Los colores apropiados
La pureza que transmitirá tu salón has de lograr conservarla a la hora de elegir los colores que lo vestirán. Para ello, lo más sencillo y efectivo es que emplees tonos neutros: blancos, negros, grises, beiges… La combinación entre ellos, además de elegante y vistosa, es muy sencilla, y te permitirá jugar con atractivos contrastes manteniendo la armonía del conjunto.

El blanco será, por norma general, el que predomine en la mezcla, facilitando la luminosidad y favoreciendo la continuidad visual. El negro es un color cada día más presente en la decoración, sobre todo en estilos vanguardistas y actuales, haciéndose prácticamente imprescindible en las grandes urbes. El gris te permitirá hacer composiciones más variadas y graduales.

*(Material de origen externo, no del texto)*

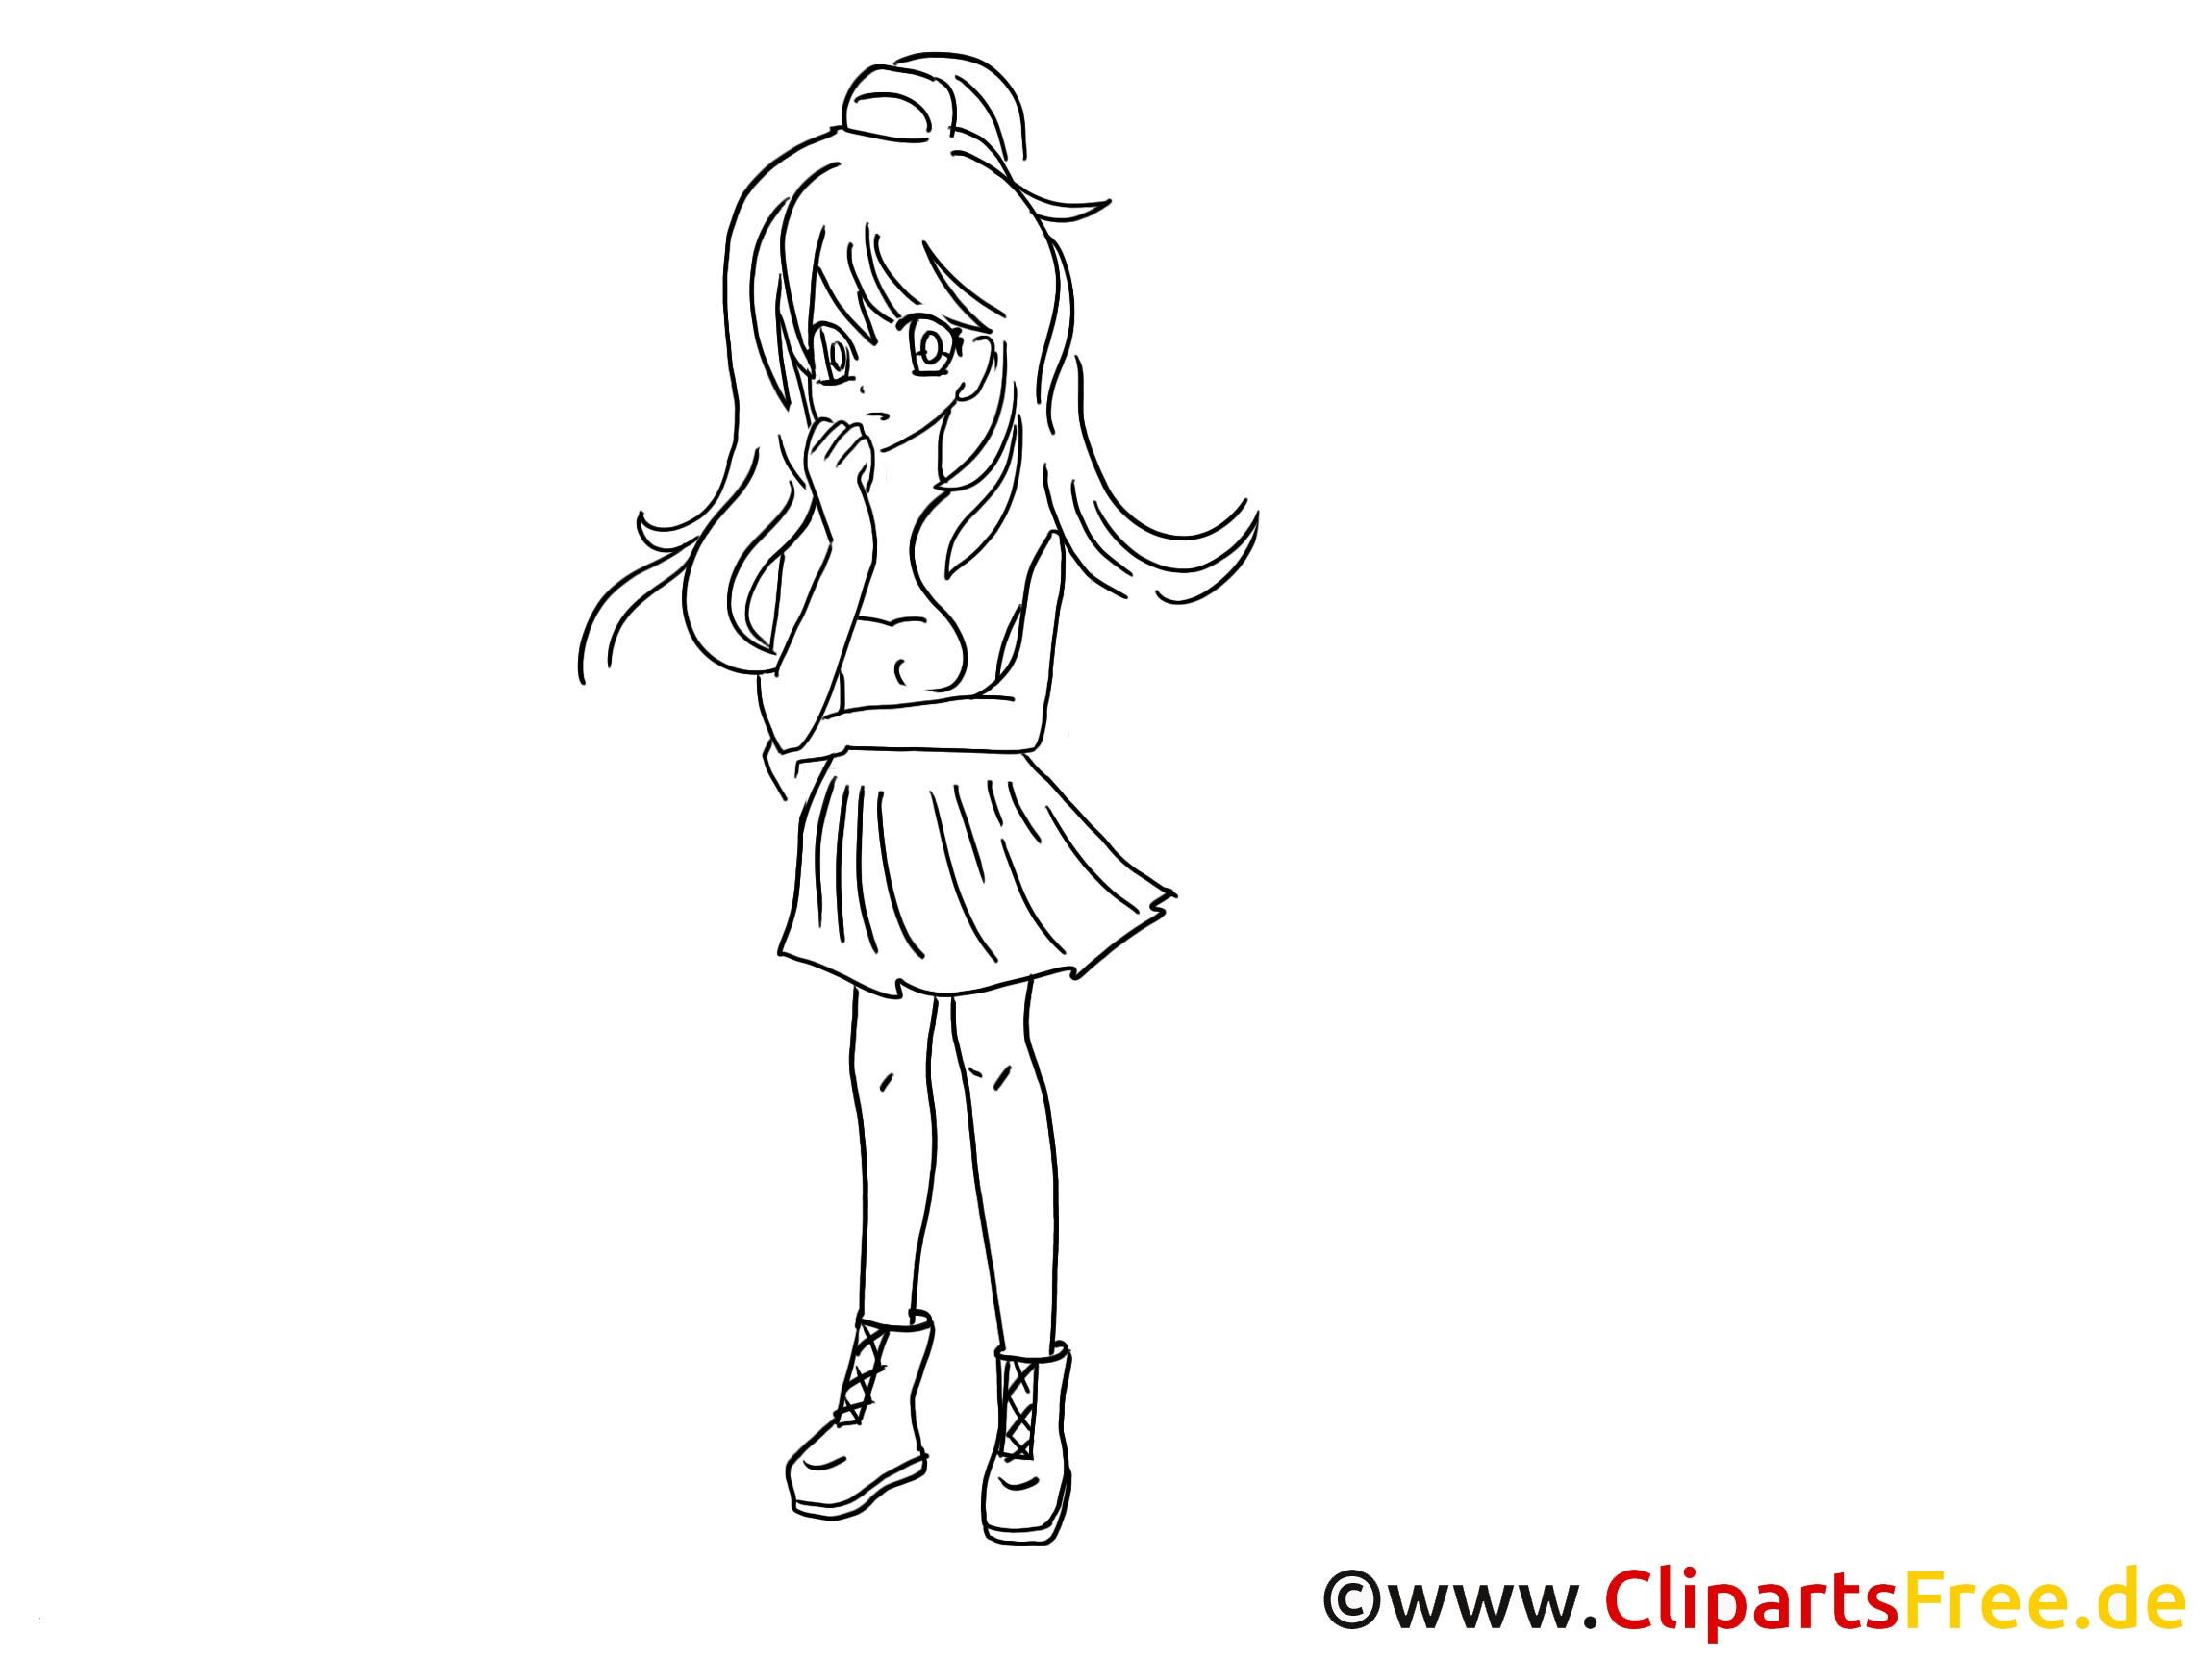 Anime Ausmalbilder Chibi Einzigartig Ausmalbilder Anime Und Manga Malvorlagen Kostenlos Zum Ausdrucken Stock

Como puedes suponer, no deberás abusar del empleo del color ni de adornos o detalles innecesarios o superfluos. Un buen ejemplo es la ausencia absoluta de estampados en las actuales casas en la ciudad. Si bien éstos son de gran utilidad en el rústico o el clásico su efecto es totalmente contraproducente en aquellos hogares que desean ser muestra de puesta al día y modernidad.

miércoles, 23 de mayo de 2007

Lo último en composiciones modulares para tu salón

El mobiliario de los salones modernos dista mucho de las composiciones tradicionales en las que la existencia de un gran mueble de pared, nos robaba de un sólo golpe un espacio que hoy en día explota sus posibilidades hasta el infinito. Existen viviendas ancladas aún en las líneas de estilo clásicas se las que tanto se ha abusado durante todos estos años. Ahora es el momento de plantear las cosas de otra manera.

Lo que se lleva
La imaginación en la composición de diferentes módulos es la tendencia en boga. Los pesados muebles modulares han dado paso a combinaciones mucho más ligeras en las que el color y las formas minimalistas juegan un papel fundamental. Además, el gusto del consumidor camina de la mano de las necesidades del mismo, puesto que la cantidad de vitrinas, estantes y cajones puede escogerse sin problemas.

Las maderas continúan ofreciéndote su confort y calidez, al tiempo que el lacado se coloca como el acabado preferido por la moda actual. Por otro lado, el auténtico trono de las tonalidades lo ostenta el wengé, un color oscuro y distinguido que combina de modo insuperable con paredes en burdeos y con sofás tostados.